Выбрать главу

Пани Мальвина снова стиснула в своем объятии голову ослабевшего брата.

— Может, помочь? — предложил граф, а у самого глаза затянулись странной поволокой.

Он пододвинулся вместе с табуретом и обнял пани Мальвину.

— Ах боже, что за шалости, — пискнула жертва графской страсти. — Я ведь уже в летах.

— Тихо, тихохонько, — шептал граф, прижмурив глаза. — Женщина до тех пор молода, пока этого хочет.

— Боже мой, помилуйте, и этот напился. А там в окошко кто-то смотрит.

Мы поглядели на окно. За ним была ночь. Стекло отражало расплывчатые очертания наших фигур.

— Никто не смотрит, — шептал граф. — Обниму-ка я и другой рукой, сидеть будет удобнее.

— Присосался, как пиявка, — рассердилась пани Мальвина, уже придя в себя после первого испуга. — Мало вам тут кругом девушек?

— Вы любую молодую за пояс заткнете.

— Во имя отца и сына, сказанете же вы иной раз, — отмахнулась пани Мальвина и неожиданно захихикала.

Партизан стукнул протезом о стол.

— Довольно шуток.

Сержант с озабоченным видом подтянул слабо затянутую портупею.

— Фактически, так сказать, лучше, может, выпьем.

— Какой вы нахальный. Я ведь девица, — защищалась пани Мальвина.

— А я кавалер, и к тому же неплохой кавалер.

Тут граф прижался своей продолговатой, сально-желтой физиономией к щеке пани Мальвины, а она пискнула каким-то странным, праздничным голоском.

Партизан с такой силой стукнул протезом по столу, что подскочили все стаканы.

— Ты свинья, граф.

Пац выпустил из объятий пани Мальвину и повернулся к своему противнику. Он смотрел на него пустыми глазами, так, будто видел его впервые в жизни.

— Ты что сказал?

— Бабник, скотина.

Пац привстал с табурета.

— А ты еврей.

Стало очень тихо.

— Кто? — сдавленным голосом спросил партизан.

— Конечно, ты. Ты еврей.

Партизан пытался непринужденно рассмеяться.

— Видели? Он сошел с ума.

— Ты еврей, — повторил граф.

Партизан провел языком по пересохшим губам.
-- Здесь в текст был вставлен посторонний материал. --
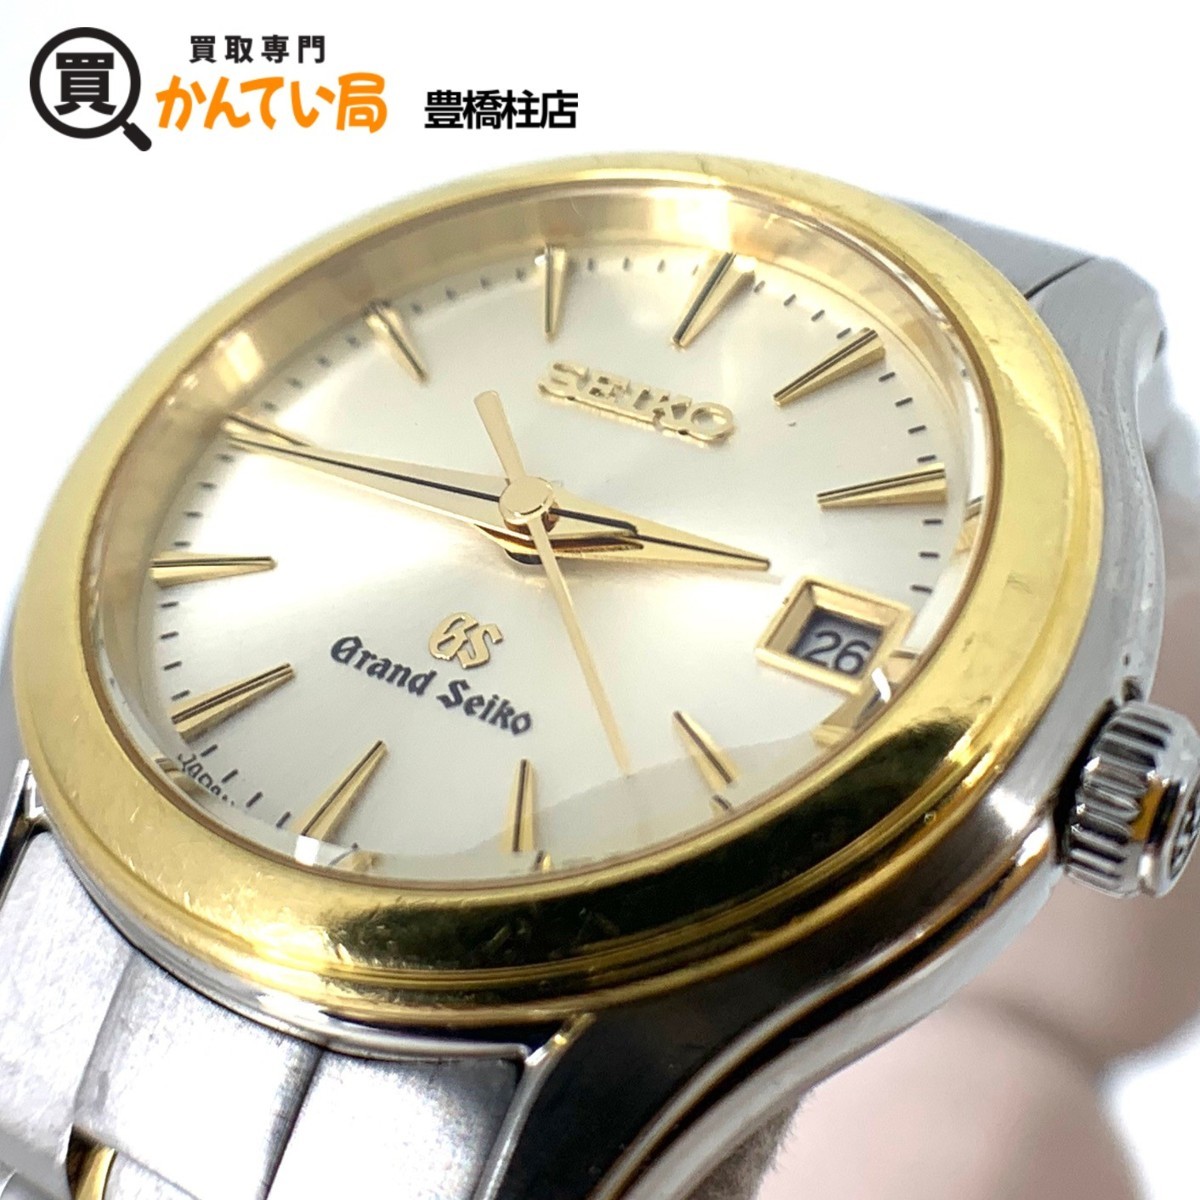 Grand Seiko グランドセイコー 腕時計 4J52-0A20 fkip.unmul.ac.id

— Люди добрые, я ничего не понимаю.

— Ты еврей, — еще раз сказал граф.

Партизан оглянулся на нас, ища спасения. Он изо всех сил прижимал протез к бедру.

— Меня зовут Ясь Крупа.

Граф шагнул в его сторону.

— Ты еврей.

— Люди добрые, ну как я могу быть евреем, если меня зовут Ясь Крупа? Неужели вы верите этому кретину?
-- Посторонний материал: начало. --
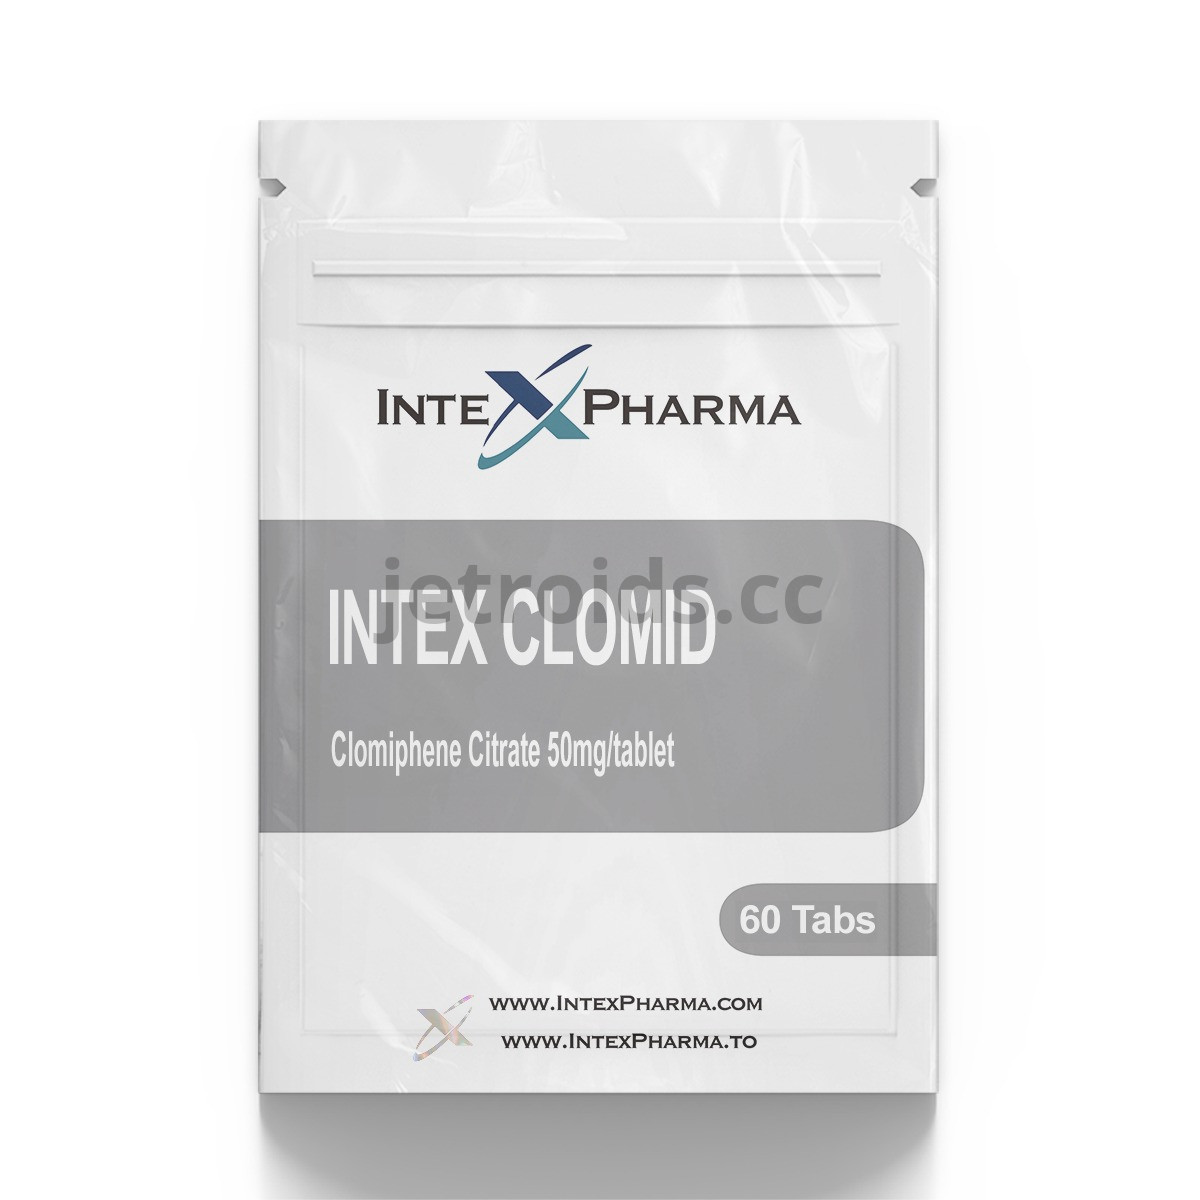 IntexPharma Intex Clomid Product Info

Но мы молчали, пораженные неожиданным поворотом дела. Сержант Глувко, чувствуя, что мы возлагаем на него определенные надежды, безуспешно старался застегнуть никелевую пуговицу мундира.

— Разве еврея могут звать Ясь Крупа? — в отчаянии спрашивал партизан.

— Я знаю, и ты это отлично знаешь, — говорил граф, вглядываясь в партизана бесцветными глазами. — Есть люди, которые тебя еще до войны знали. Помнишь того франта, который приехал с иностранным журналистом? Помнишь, как он на тебя смотрел?

Партизан растерянно хлопал веками; он поднял здоровую руку, протер глаза и с минутку разглядывал верхнюю часть своей ладони. А затем согнул в локте протез и не торопясь стал наступать на графа Паца, ногами расшвыривая по пути мешавшие ему табуреты.

— Боже, убьет! — взвизгнула пани Мальвина.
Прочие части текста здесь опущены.